|Credit: Coach image via Shutterstock|
Andy Bailey, Founder and CEO of Petra Coach, contributed this article to BusinessNewsDaily's Expert Voices: Op-Ed & Insights.
Business coaches are a lot like personal trainers. People turn to them when they need help reaching their goals.
Hard work means a lot in business, and it can get business owners pretty close to where they want to be. Most often, it's the final small step toward success that is the hardest. A coach can help you get there.
Compare this logic to your health and fitness goals. Yeah, you're cutting the fats and carbohydrates from your diet and you're hitting the gym three times a week, but you can't seem to lose those last five pounds.
A personal trainer will work with you to make sure you maximize your gym time and perfect your diet. Success. You reach your ultimate fitness goal.
Just like gym visits, business-coaching sessions aren't always easy and they can be a little painful. And just like a personal trainer, a business coach can only help your business if you're ready for change and willing to admit fault.
The coach's job is to show you the mirror. People often know when something isn't right, but they choose to look past it. A business coach can help you identify your problem and push you to succeed because they bring a professional, outside perspective, honest feedback and tested strategy to move you to the next level of success.

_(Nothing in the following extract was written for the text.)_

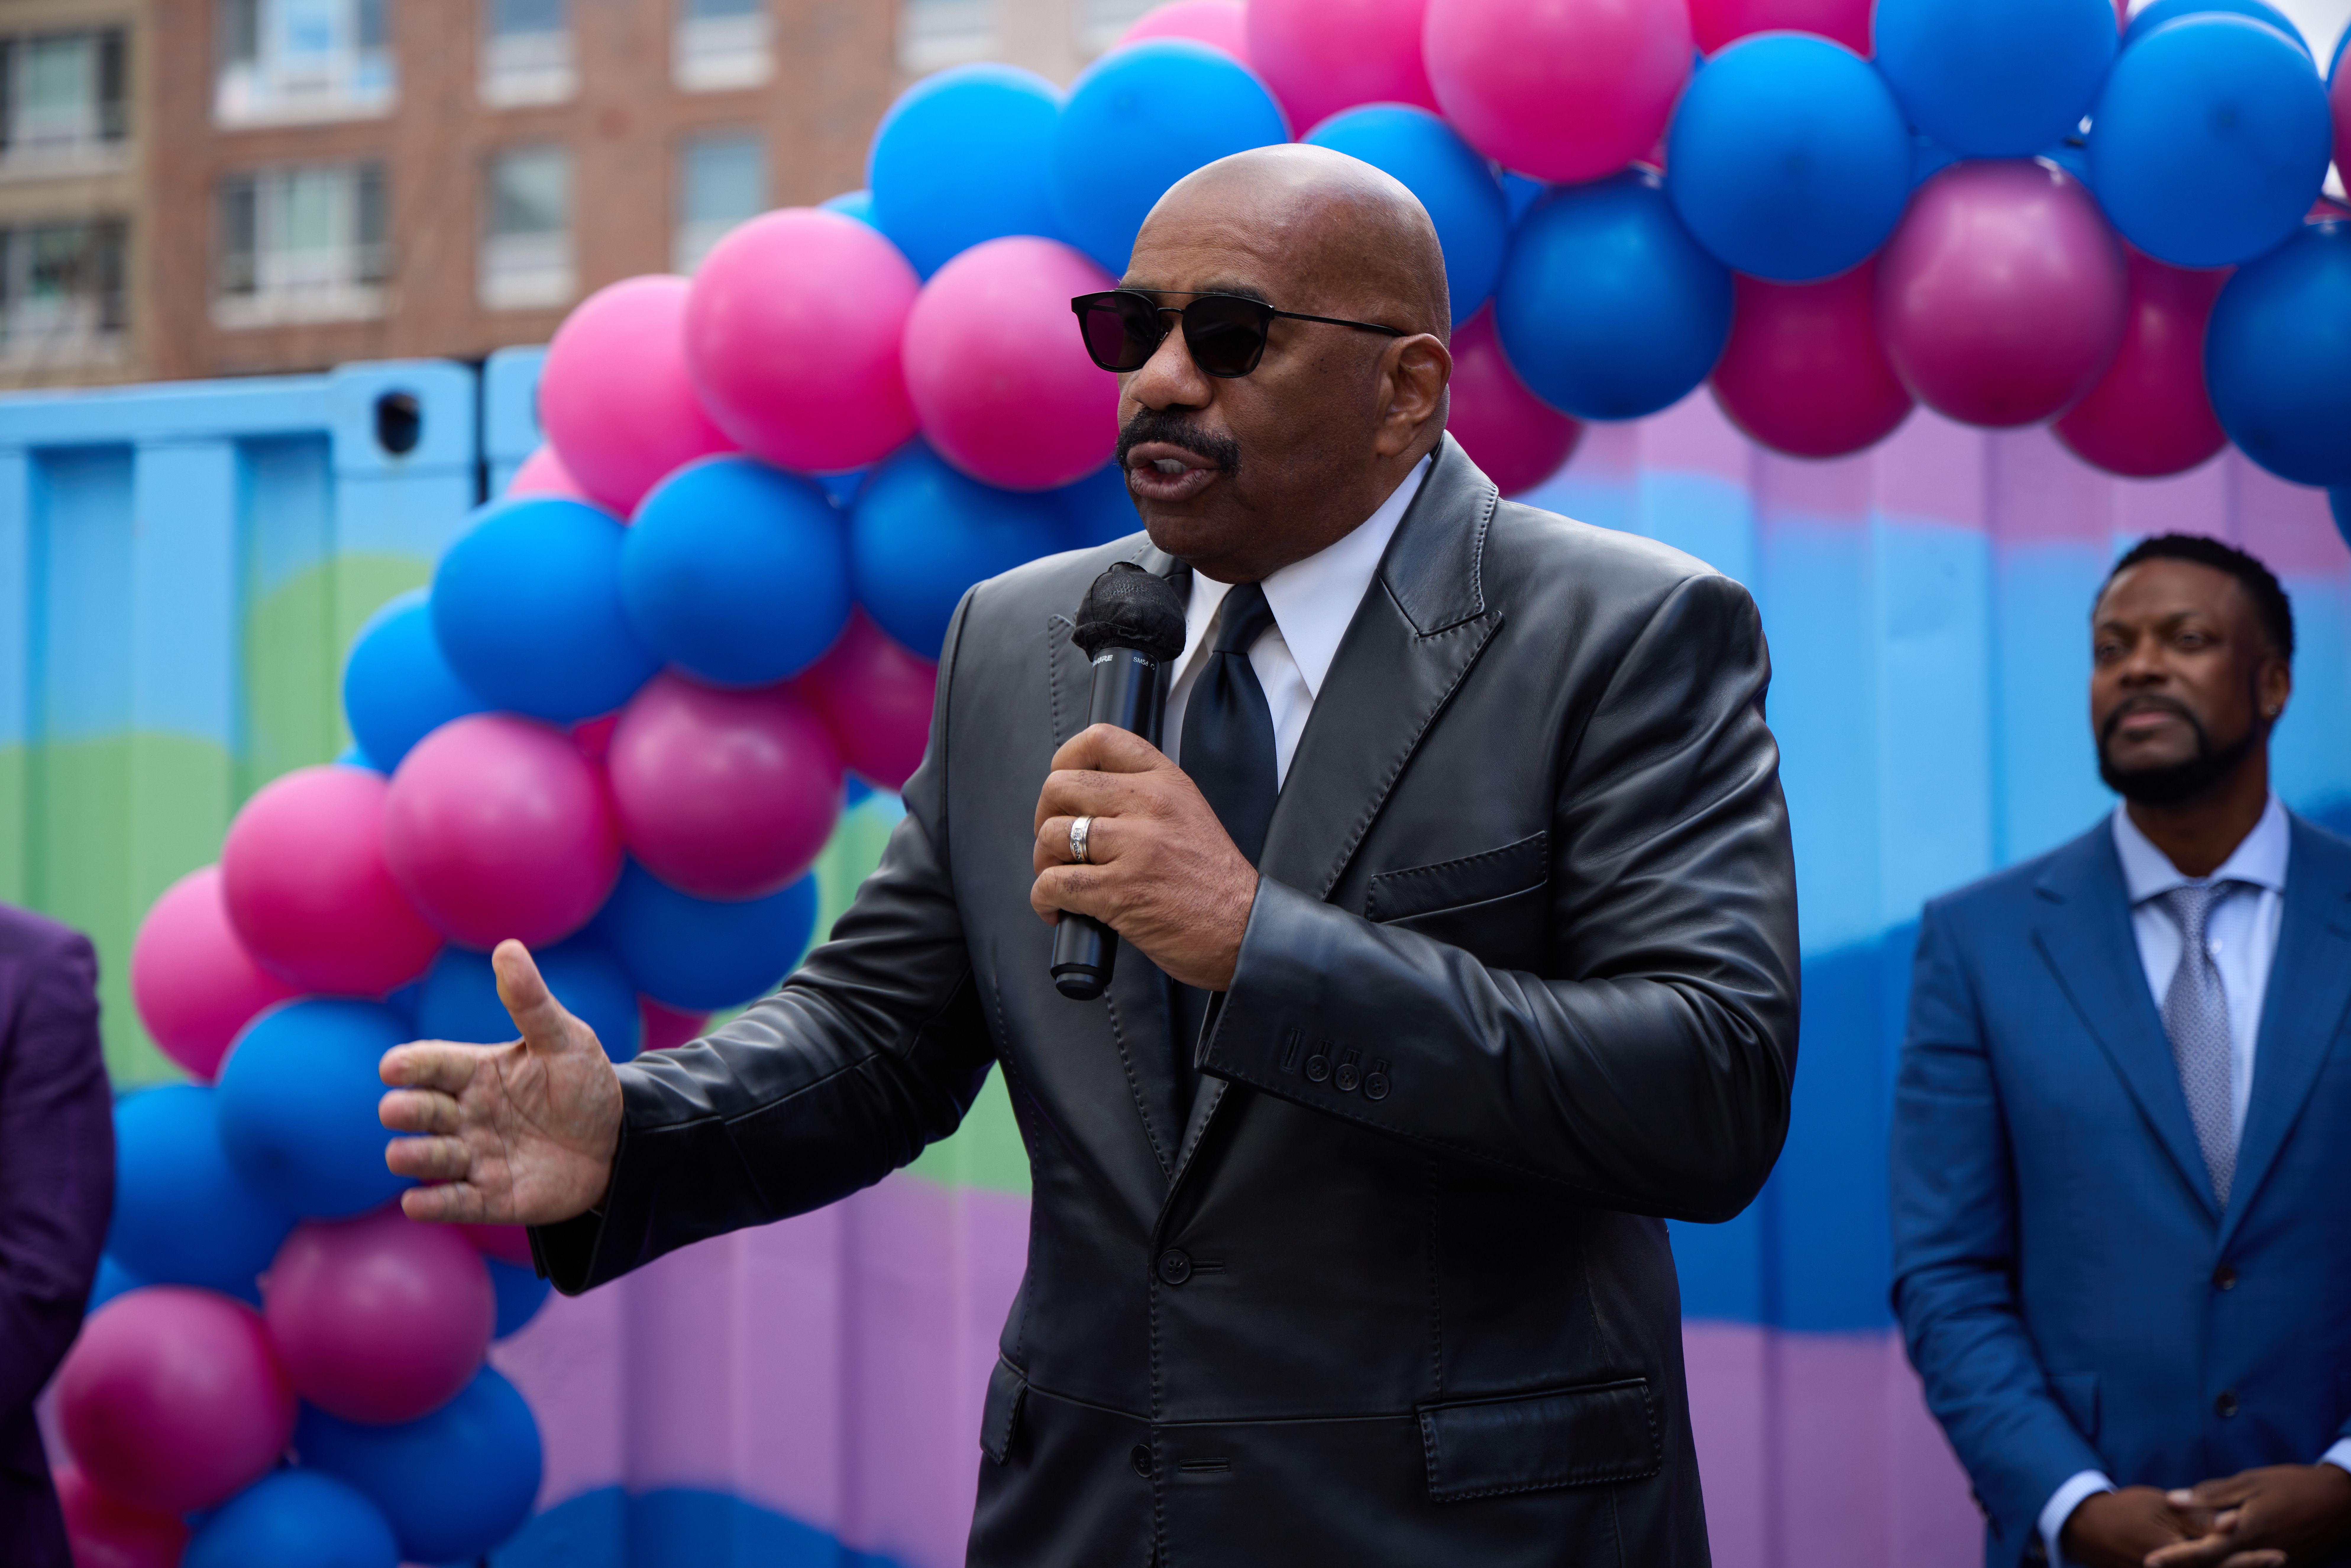 Steve Harvey giving remarks at the ribbon cutting event.

Before hiring a business coach, there are five important questions to ask:
- Can this coach do what he says he can do?— Talk with the business coach about his or her abilities, and then ask to talk with his or her clients. Their feedback will give you a greater sense of the coach's abilities.
- Will this coach actually do what he says he will do?— Research the coach's prior clients and look for a track record of success.
- Is this person someone I want to work with?— Plan an in-person meeting with your prospective coach to make sure you jive. If you hire him or her, you'll have to work together through challenging discussions and situations to build your team and your business.
- Does this coach serve my genre?— Find a coach who has experience in your business type. Not necessarily industry-specific, because often times lessons can carry from industry to industry, but more size-specific. Some coaches, like me, focus on entrepreneurial businesses while others work with large corporations. What works for a small $5-20 million business may not apply to a multi-billion dollar corporation.
Can I afford the time and money required for a coach?— Prepare to invest in your company's success. Some coaches charge hourly and cost $300-$500 an hour. Others charge monthly and cost between $24,000 and $60,000 a year.
The cost varies by the amount of contact you receive. Some sessions with your coach may only be an hour long while others last all day. Some coaches meet monthly and others prefer quarterly meetings. Figure out what works for you before you price it out.
Overall, look for coaches who put the client first.
In my experience that means he or she doesn't:
- Charge for your service until after the service is performed
- Require you to sign a contract
- Force you to pay what's on your invoice unless you feel the service warranted the price
Author and motivational speaker Anthony Robbins said: "If you do what you've always done, you'll get what you've always gotten."
That statement is especially true when discussing reaching business and fitness goals. A coach can help you do more than what you've already done, but you must be willing and ready to grow.
The views expressed are those of the author and do not necessarily reflect the views of the publisher.